Dataset section:
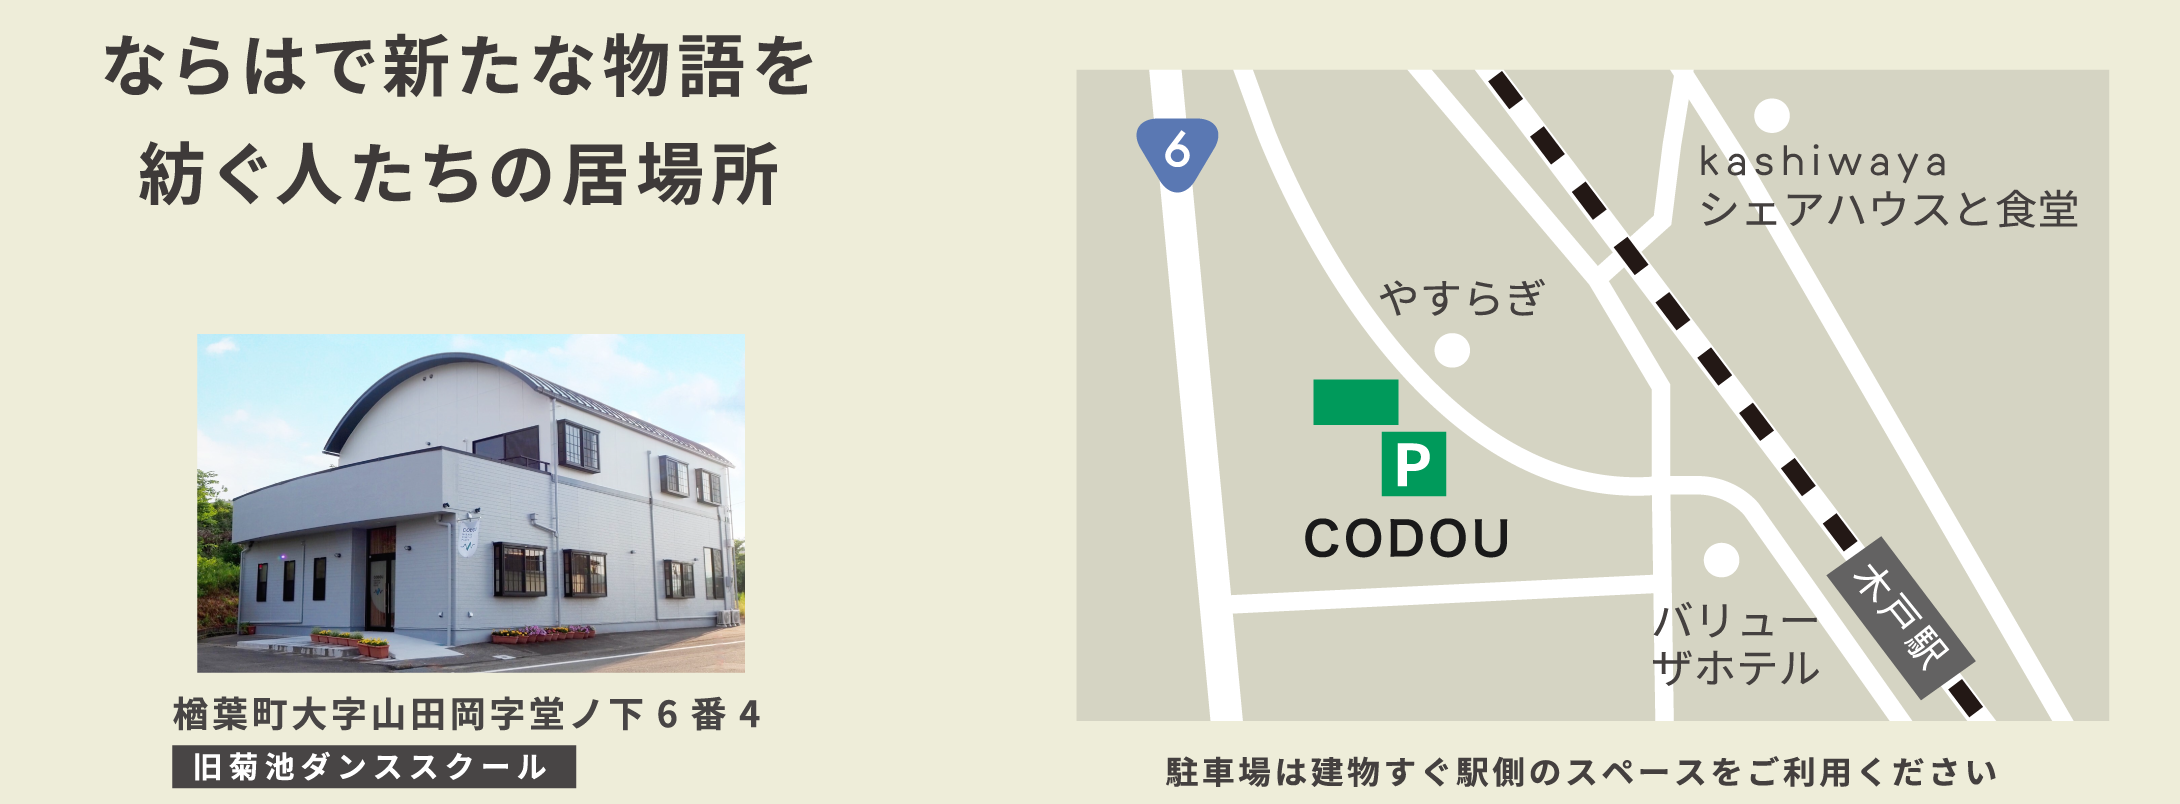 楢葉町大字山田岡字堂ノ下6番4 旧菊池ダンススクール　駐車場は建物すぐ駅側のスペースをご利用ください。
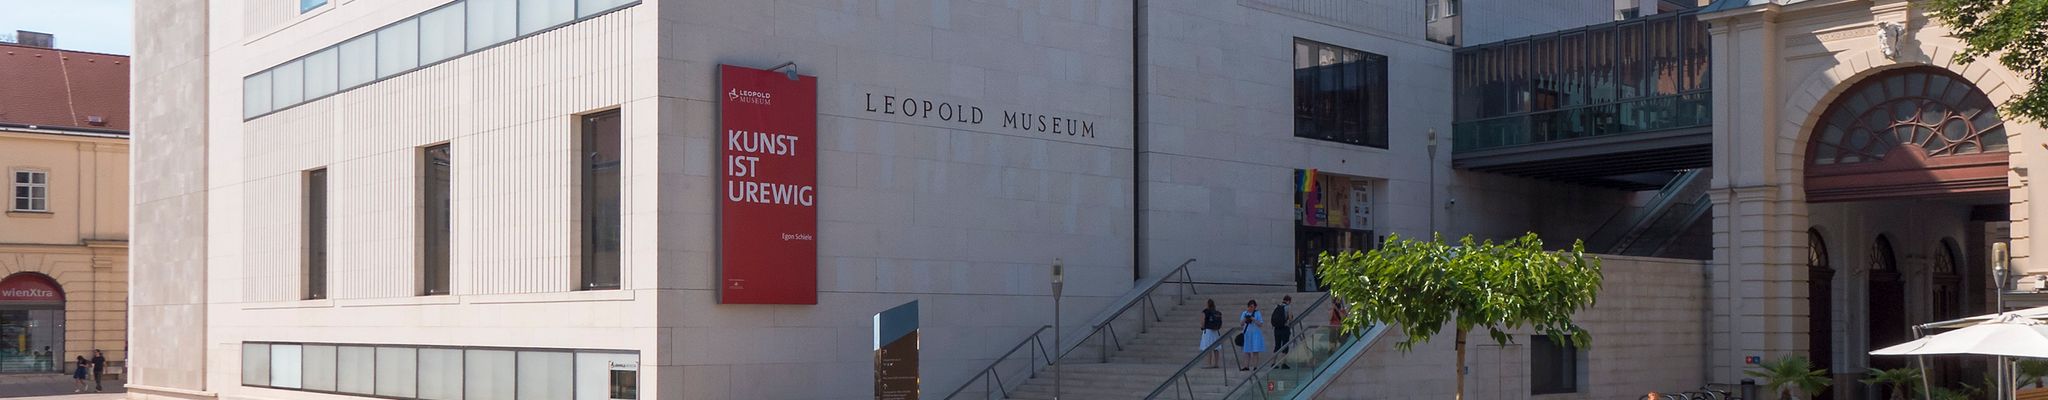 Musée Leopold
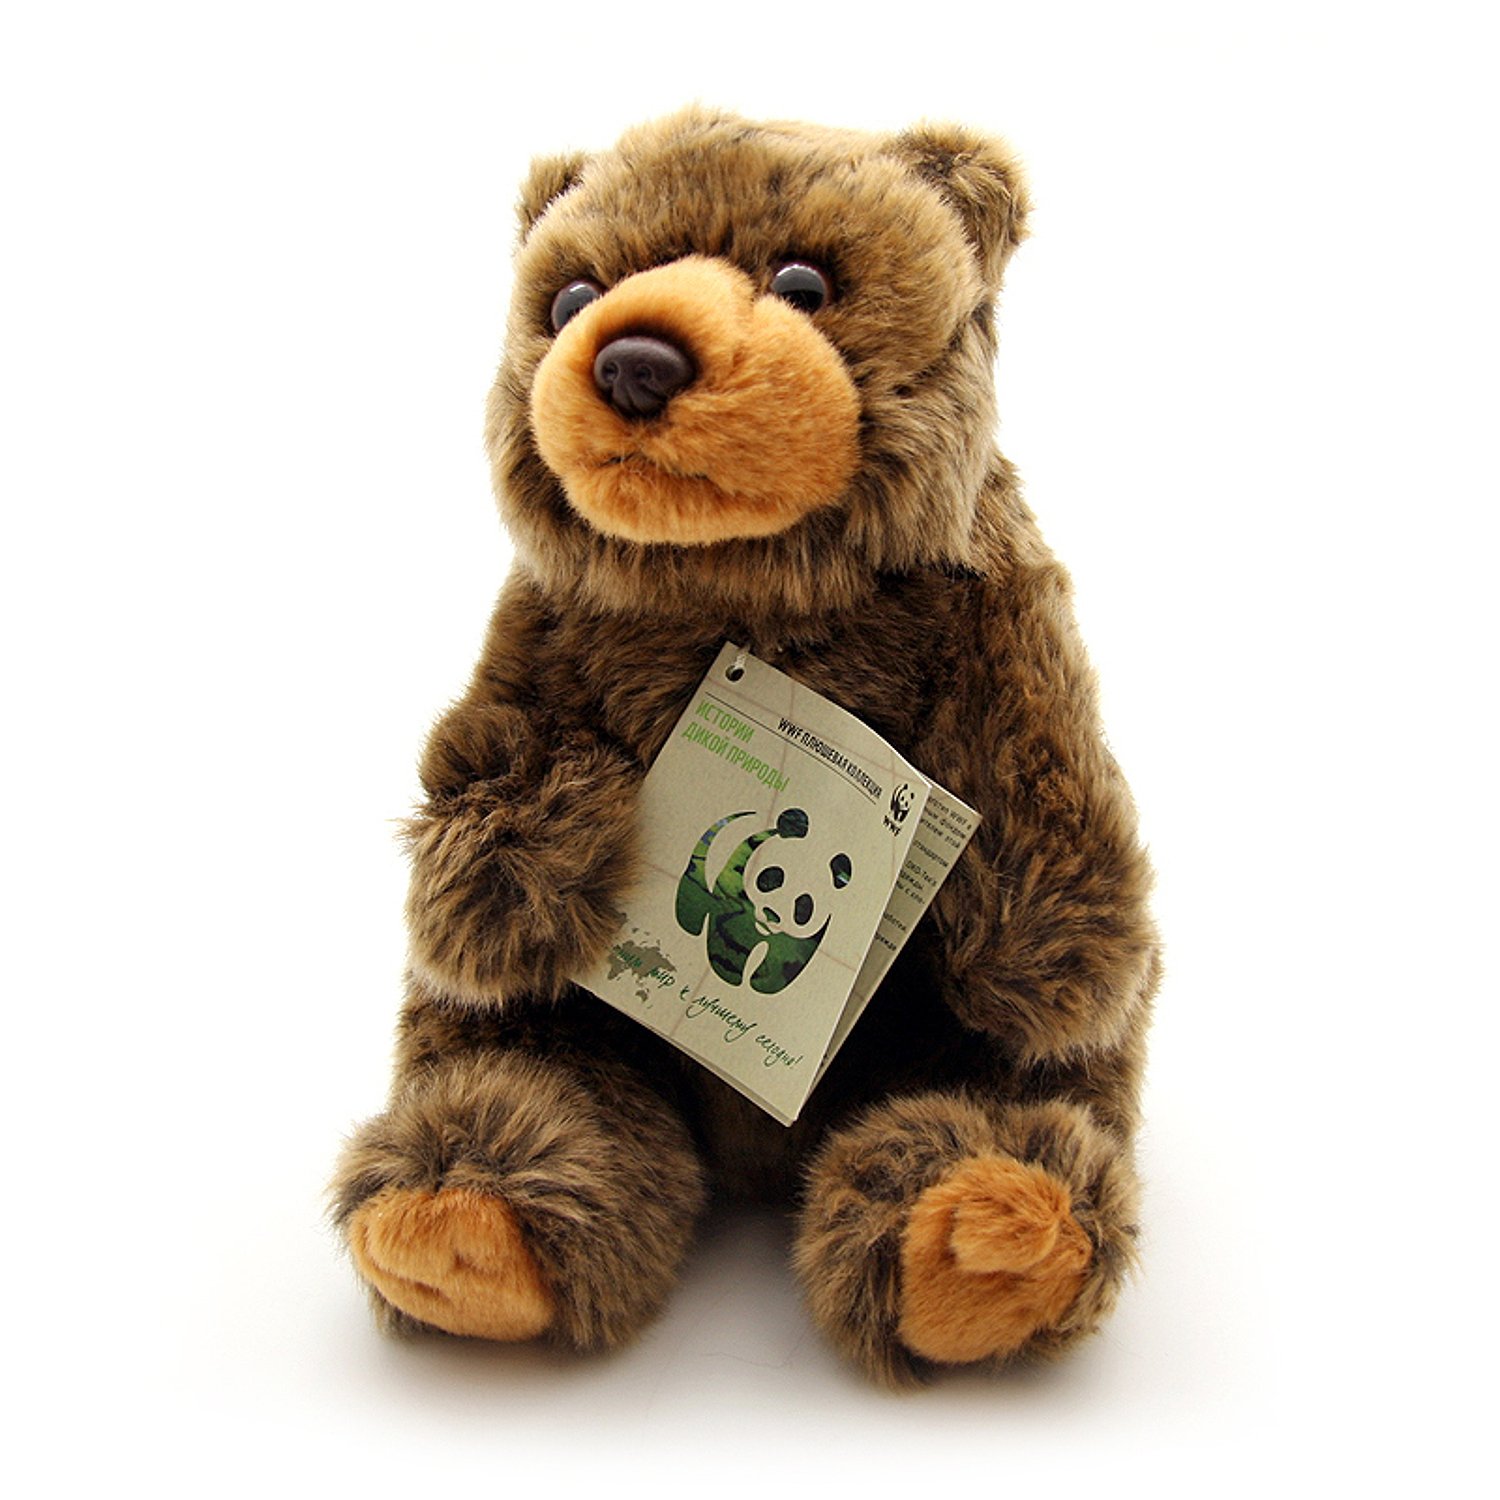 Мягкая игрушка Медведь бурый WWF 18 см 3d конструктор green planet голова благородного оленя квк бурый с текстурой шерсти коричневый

Task to complete: Write out every line of the listing exactly as written, and leave the pictures out.

Exercise output:
 楢葉町大字山田岡字堂ノ下6番4 旧菊池ダンススクール　駐車場は建物すぐ駅側のスペースをご利用ください。
 Musée Leopold
 Мягкая игрушка Медведь бурый WWF 18 см 3d конструктор green planet голова благородного оленя квк бурый с текстурой шерсти коричневый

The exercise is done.